Companies such as TEFL work with programmes like Meddeas who in turn work with English teachers from both EU countries and countries outside of the EU. They help those involved with several things such as the following: monthly grant of €930 to €1,162 depending on the number of teaching hours, training, and workshops to prepare you for the job. Spanish public health care coverage, they help workers open bank accounts with any banking provider in Spain, paid school holidays apart from the summer holidays and finally, they give you the option to either live with a host family in Spain or they will help you find independent housing. They encourage applicants to reply to any notifications from the company itself super quickly as they usually tend to have a few spots available for workers to start working with the programme.
On an average, the teacher will be with a class of 15 students aged 2-18 years old depending on which age group you would like to work with. With the Meddeas programme, English teachers work for 20-24 hours a week, the contract length lasts up to 10 months. More information is available on their website which is tefl.org
Things to consider
Working abroad can be extremely rewarding and a great life experience to help you gain the confidence and skills you may not have had beforehand. However, there are some things you should consider before travelling abroad for work.

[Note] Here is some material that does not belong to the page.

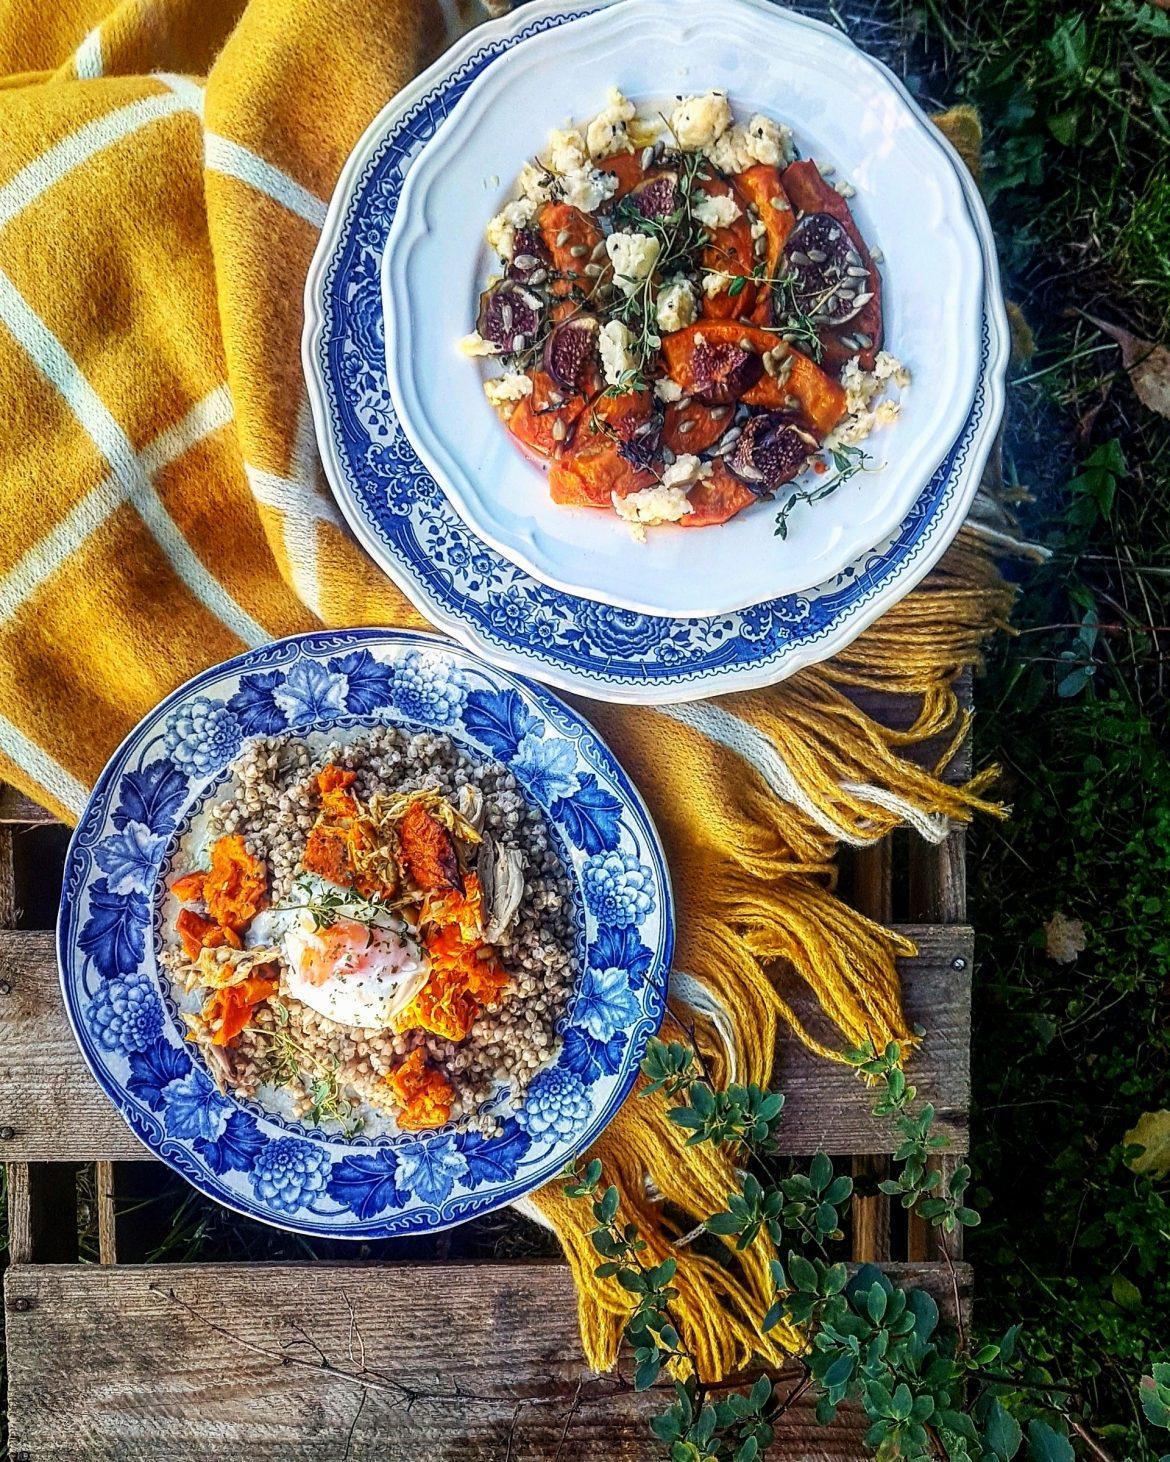 Dynia - przepisy z dyni Agnieszki Żelazko. Potrawy z dyni na ozdobnych talerzach w jesiennej scenerii.
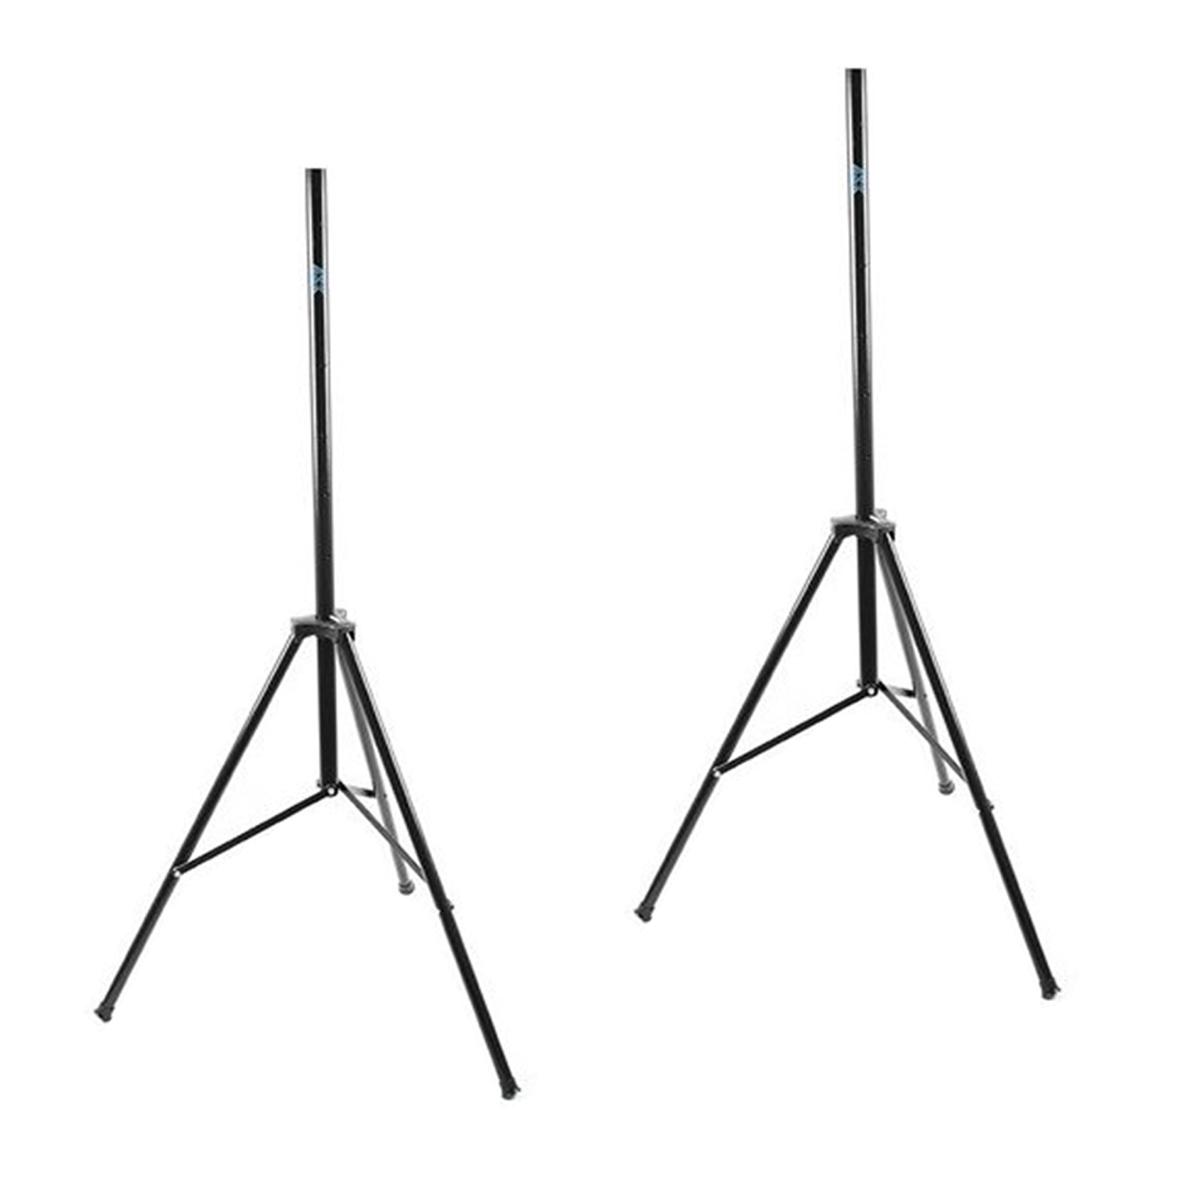 1 Par de Tripé para Caixa com altura de 130 a 150 cm ASK CXP

- Culture shock may occur whilst working in Spain, siestas for example are a completely different practice to the UK. It would be beneficial for the worker to research daily routines and traditional to familliarise themselves with the lifestyle.
- Financial stability may fluctuate depending on where the worker has chosen to live in Spain so it may be beneficial to save some money before travelling and to speak to their company about their contract and location.
- Discrimination as a foreign worker may occur on rare instances despite English being the main language that tourists use, in the rural parts of Spain they may not be accustomed to English so it would be in the travellers interest to learn a bit of Spanish before they travel.